Okay, but on the README.md it's listed as a feature highlight, which would imply (at least it confused me in such a way, as it apparently also confused @alexhultman) that there's a thread pool interface which the library user can use. If it's an implementation detail to achieve asynchronous I/O, then perhaps it shouldn't be listed as a feature highlight?

Also, back to the original topic of this discussion: would it be bad, if the event loop used more than 4 threads on an environment that would benefit from more threads? I know it wouldn't improve IO, but it's my understanding (which might be wrong) that uv_queue_work() queue work_cb to be executed inside the thread pool? So, wouldn't a bigger pool increase the performance on a machine with more cores (implying that there is no IO being submitted to the queue)?

txdv commented

I stand corrected, uv_queue_work exposes the thread pool to the user, but...

The idea of posting long running computational tasks to it though is not a very good one. libuv uses the threadpool internally to emulate async behaviour for blocking only functions(getaddrinfo, fs operations on linux). So if you post 4 long taking computational tasks to it with uv_queue_work(while the thread pool size is 4), you effectively deny yourself of using file system operations on linux or uv_getaddrinfo/getaddrinfo. You should only post something which blocks for a short amount of time.

I am actually confused why we expose it at all right now, since the user can basically screw himself over if he misuses it... but there is a lot of not so smart stuff in this library which need some attention of thought.

would it be bad, if the event loop used more than 4 threads on an environment that would benefit from more threads?

Increasing it has no negative impact. The only reason why it is 4 is that there is no deterministic way of a perfect size for the thread pool. Ideally we wouldn't rely on the threadpool at all, but asynchronous file io on posix/linux is a mess currently and there is no other way around to emulate asynchronous getaddrinfo and getnameinfo. You can change the size however you see fit.

If you want it to use for computation then you should increase it to M + N, where M is the amount of parallel computations want to do and N is the the rest of for blocking IO (which is 4 currently coded hard). There is currently no C api to change or set the size of the thread pool from within C because everyone is too lazy to write a patch.

My personal advice is not to touch this, just use your own thread pool or something. Because if you mess up, you won't be able to use getnameinfo getaddrinfo or any file operation on linux.

txdv commented

The limitations are very clearly documented here: http://docs.libuv.org/en/latest/threadpool.html

It is global singleton and the amount of threads is set only by a variable instance. For my personal taste this thread pool sucks for any kind of operations except for emulating blocking operations as non blocking.
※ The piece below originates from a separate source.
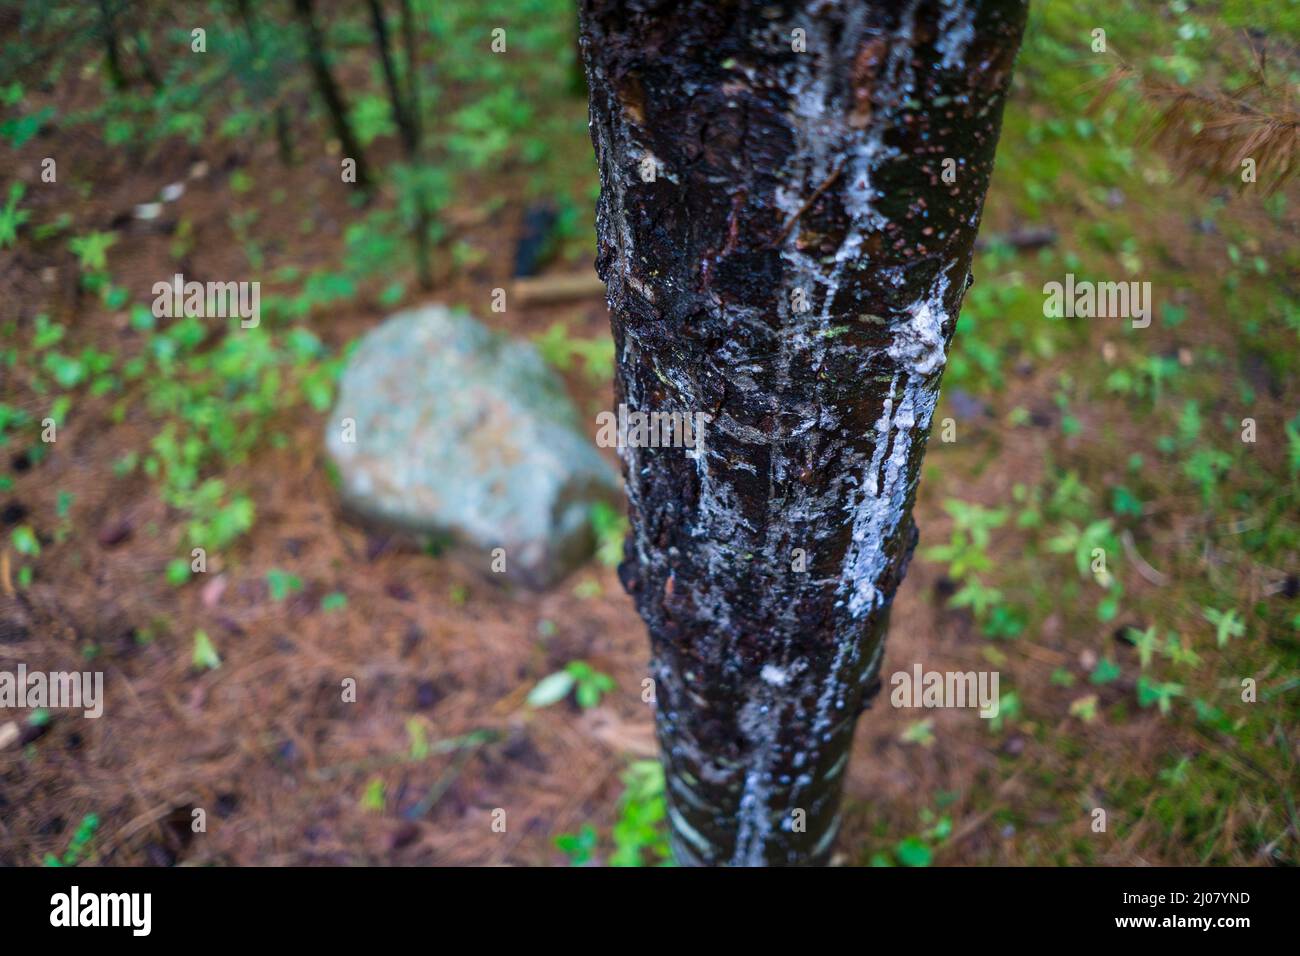 Sap covered tree trunk at camp Stock Photo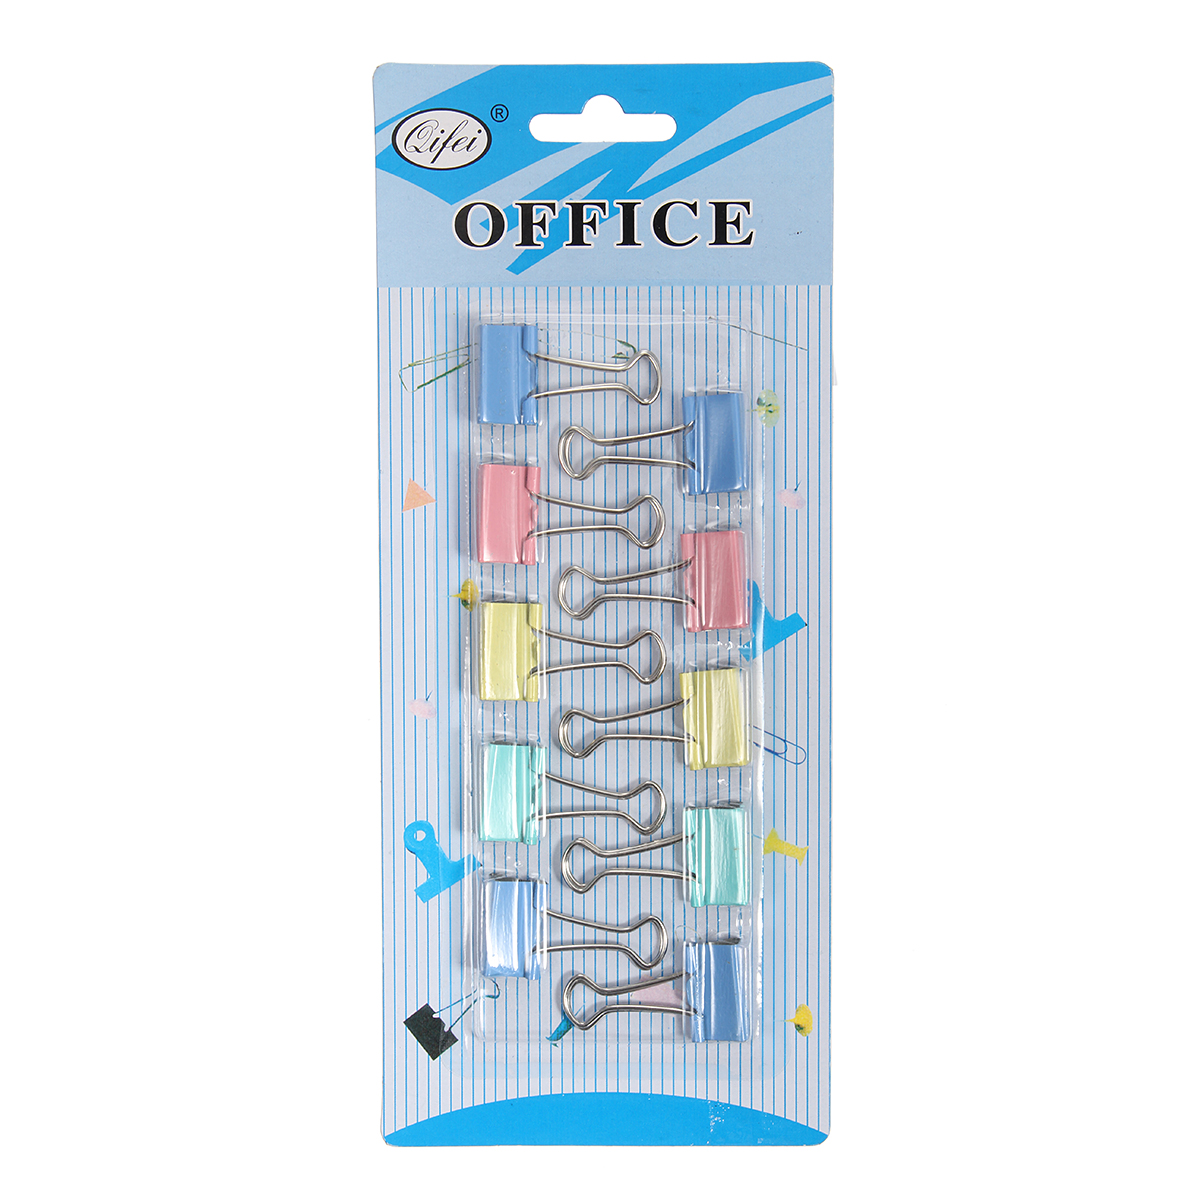 

10 Pcs Small Size Funny Style Colorful Metal Binder Clips Paper Clip Office School Binding Supplies

I don't know why it is really available to the user....

This got heated for no reason.

@alexhultman is a douche, I just tried to write down my perspective and he just responds with:

Lets just start by correcting some bullshit you just spew out:
Linux 2.6 (since 2003) comes with kernel level async IO for files (aio_read, aio_write, signals, etc) - use that.

@bnoordhuis has looked into this and said that AIO is not ready, I have been looking into this for quite some time, even digging in the kernel to check whether everything is truly asynchronous, but here comes @alexhultman calls me a retard and states that AIO is ready to use right now.

We welcome patches.

I thought we were all grown ups around here, but it seems not. I'm closing this because this is now how we want our community to work. If you (both) want to use this language / manners just go somewhere else, you are not welcome.

@alexhultman if you think we can do better, by all means, write a patch, benchmark it, and submit it. Some stuff has been attempted in the past, without much success, though.

@txdv please stop using "we" for your assertions, which do not represent this project whatsoever, this is not how we deal with people / issues in our bugtracker. I can read past your edits.